On March 1, 2014, two chairs at the ski slope came crashing to the ground when a cable came loose. Four people were injured in the crash, including volunteer ski patrollers Kevin Gourlay and his partner Maegan Harvey.

The resort has never reopened since the accident.

Both Gourlay and Harvey initially filed claims with WorkSafeBC seeking compensation for the injuries they suffered, but their claims were dismissed after WorkSafe concluded the claimants were volunteers.

As a result, the couple then filed civil lawsuits against Crystal Mountain in 2016, and separate trials for both cases were scheduled to begin in the summer of 2019.

But shortly before the trials were to begin, Crystal Mountain successfully applied for a stay of proceedings while the resort appealed the WorkSafe decision.

The Workers Compensation Act prohibits an employee from suing their employer if they receive compensation from WorkSafeBC.

Crystal Mountain said WorkSafe had rejected Gourlay and Harvey’s claims based on “incomplete information.” In addition, the Workers’ Compensation Appeal Tribunal had recently ruled that volunteers can be considered “workers” under the Act in circumstances where they receive some benefit from their volunteer work.

At one point, Harvey’s case against Crystal Mountain was “settled,” but it’s not clear if she settled her case with the resort or how much money a possible settlement would involve. A third person was injured in the incident, Lawrence Waldenbergerhas settled its civil case with Crystal Mountain.

More than three years after Crystal Mountain filed its application with the Workers’ Compensation Appeal Tribunal, the court ruled last month that Gourlay should be considered a “worker” and that his “injuries arose out of and in the course of his employment within the tort provisions of the Act.”
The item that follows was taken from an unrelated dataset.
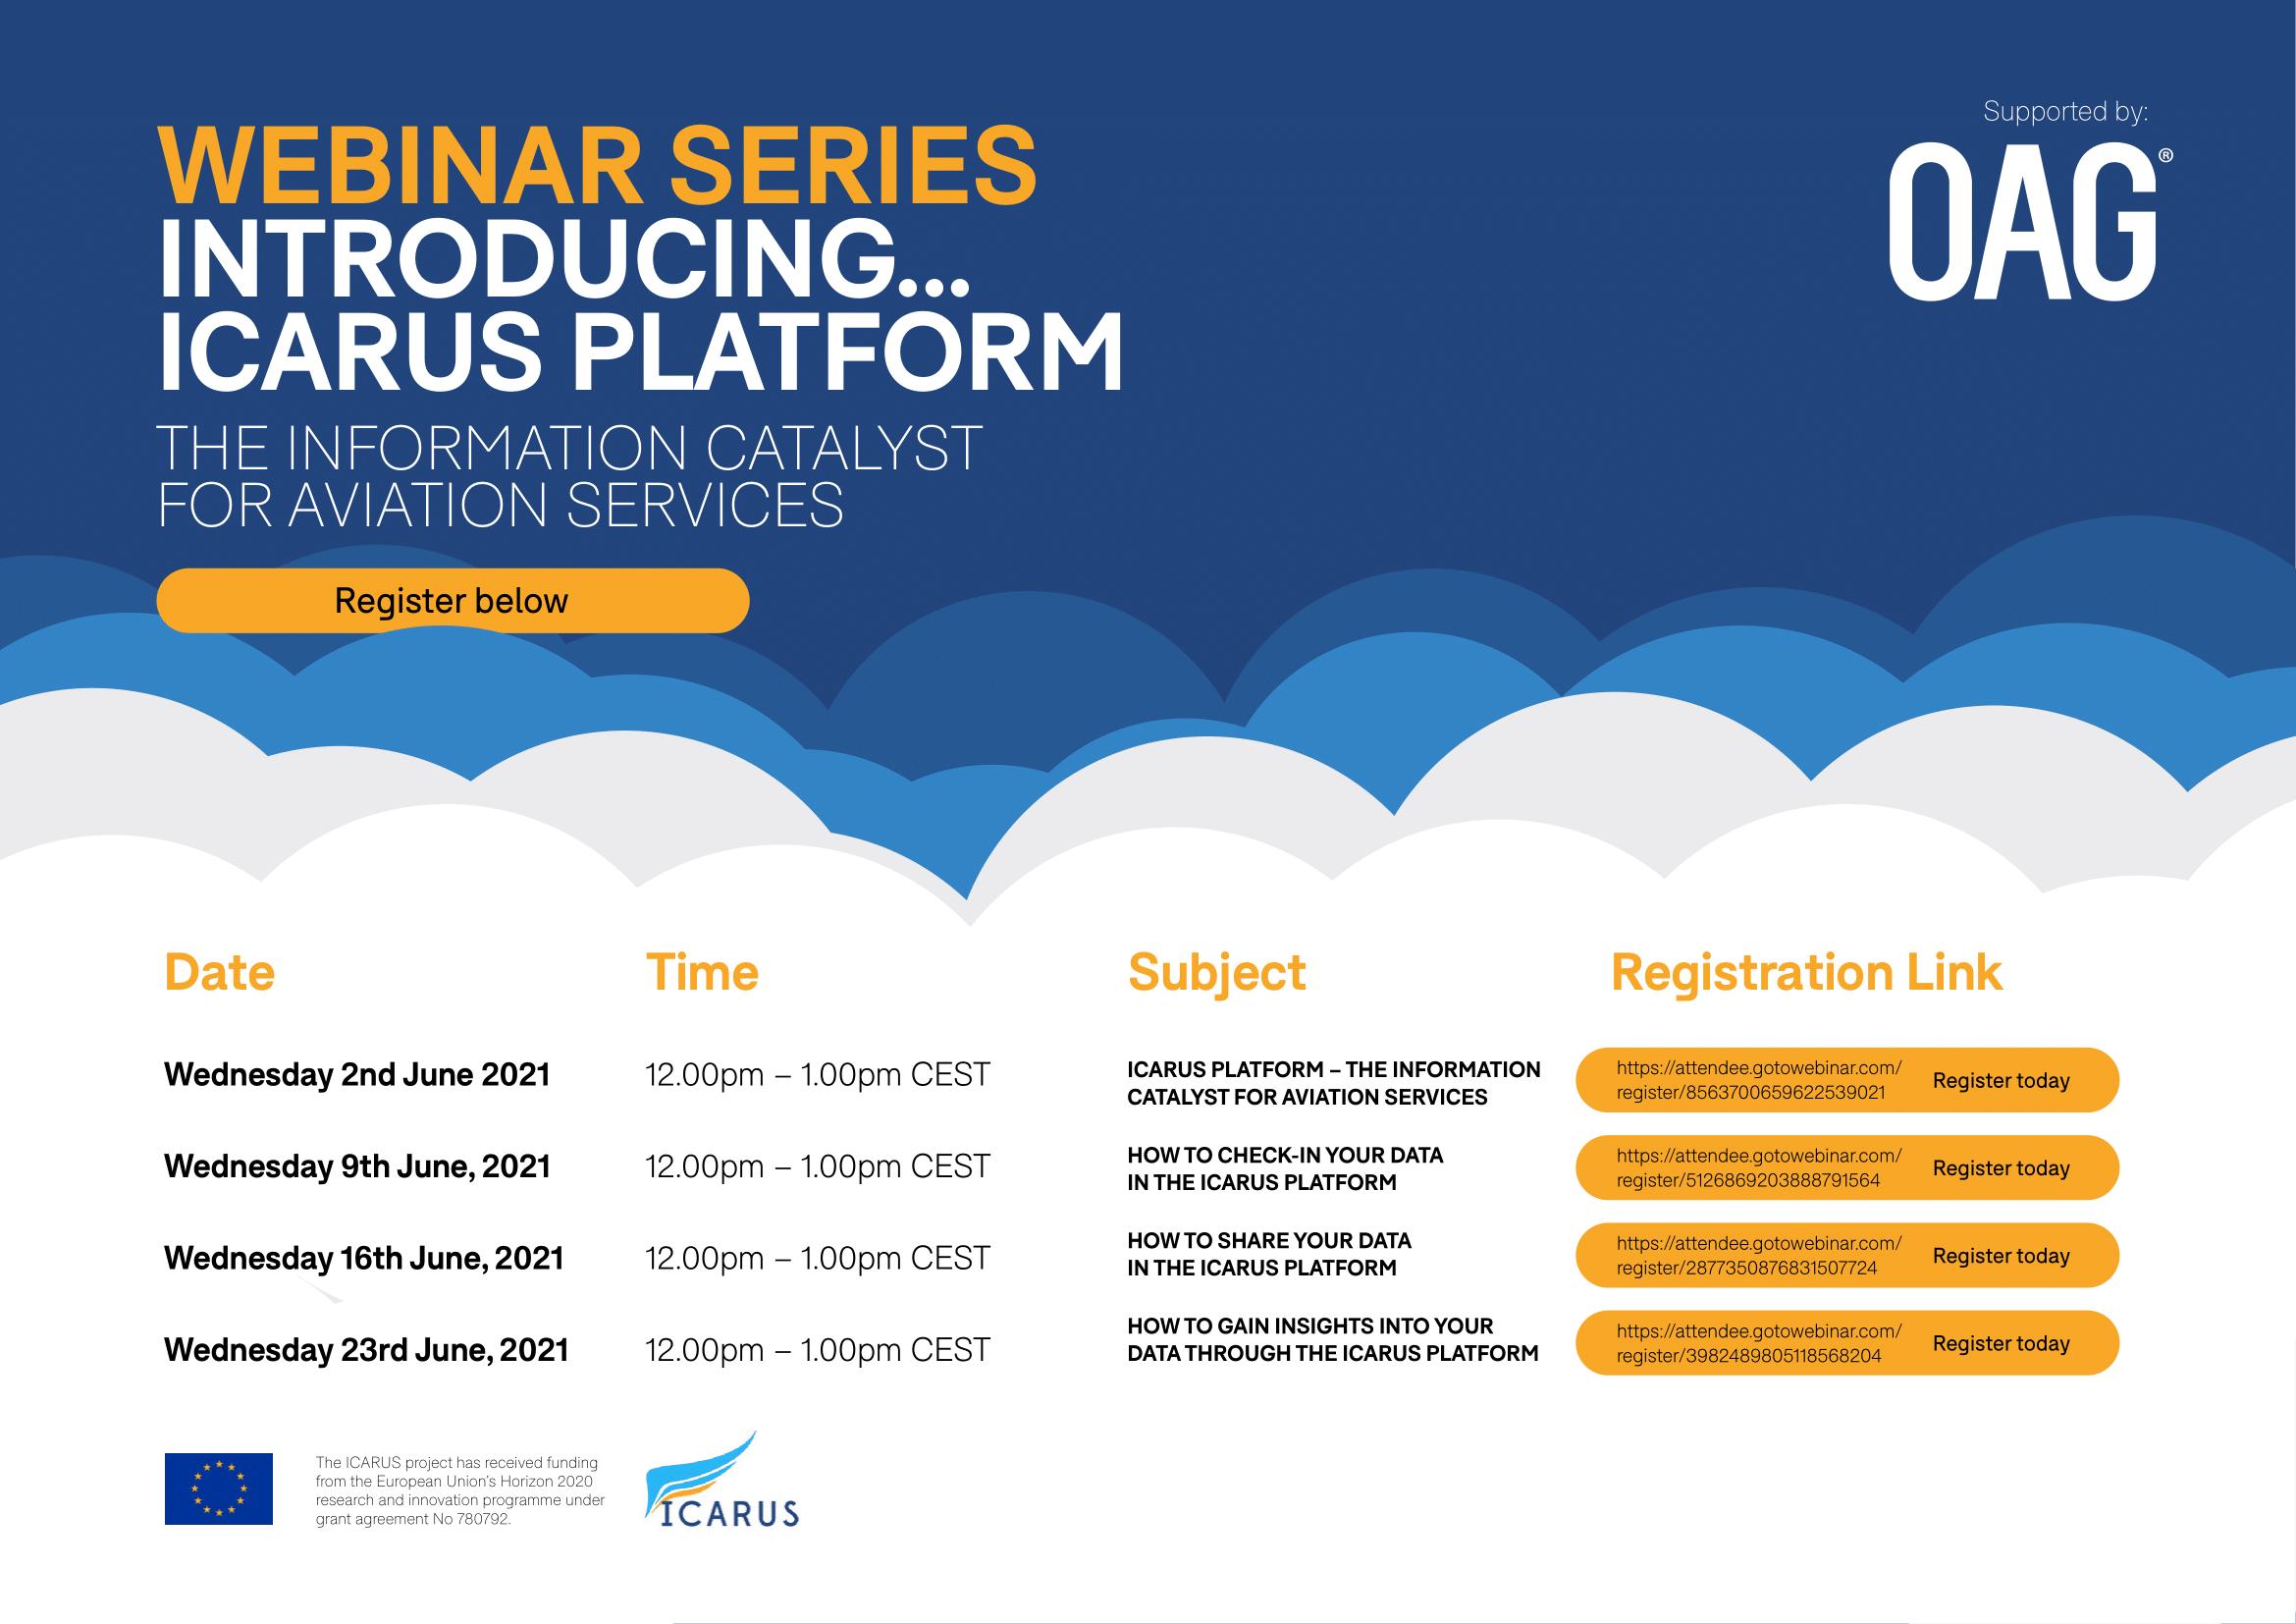 introducing...icarus platform webinar series

Gourlay, meanwhile, opposed Crystal Mountain’s application to WCAT, arguing that he was a volunteer ski patroller who should not be covered by Workers Compensation Act compensation. It’s not clear why Gourlay took this stance on the application, having first applied for WorkSafeBC coverage before filing his lawsuit, but Gourlay likely won’t be able to pursue his lawsuit against Crystal Mountain now that he entitled to compensation through WorkSafe.

Gourlay’s attorney, Vahan Ishkanian, told Castanet he was unable to discuss the case as it is “before the courts.”
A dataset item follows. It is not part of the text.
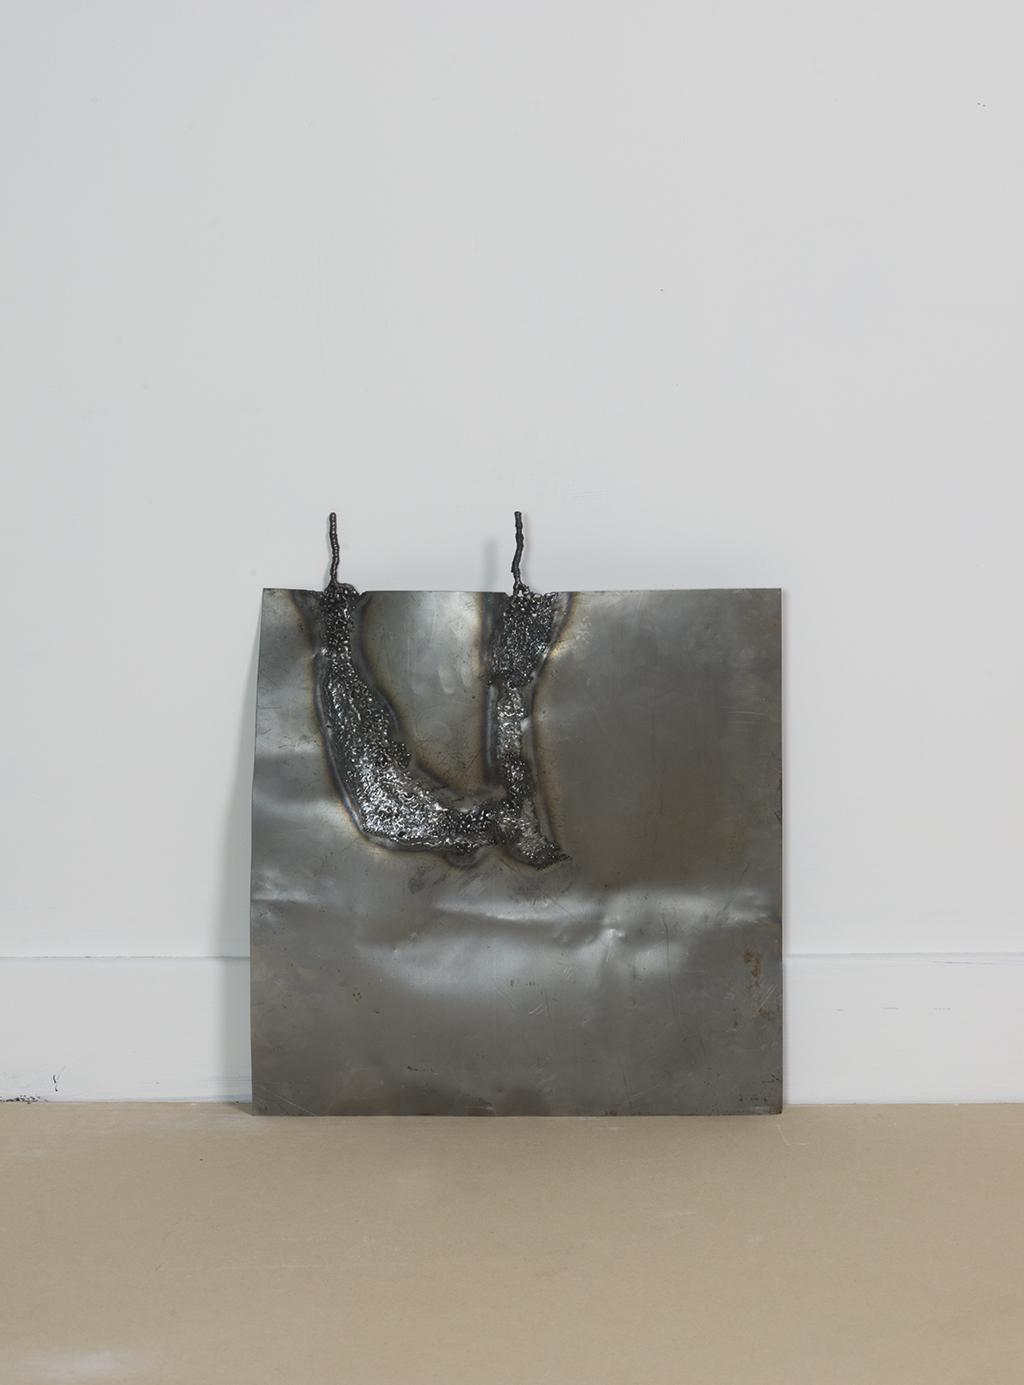 Mild steel and stainless steel weld. 55cm x 40cm x 7 cm.

In its decision, WCAT noted that Gourlay received a season pass in exchange for nine ski patrol shifts during the 2013/14 season, which was worth $449 or $695 depending on when the pass was purchased.

“Although the value of the season lift pass, calculated on the basis of the number of hours the plaintiff had committed to work, was less than the minimum wage, I do not see the value of the lift pass as insignificant,” wrote Guy Riecken, deputy director. chairman go WCAT in its decision.

“I conclude that the plaintiff’s provision of ski patrol services was part of Crystal Mountain’s business organization and that the operational routines of the relationship between the plaintiff and Crystal Mountain were more consistent with employment than with volunteer work.”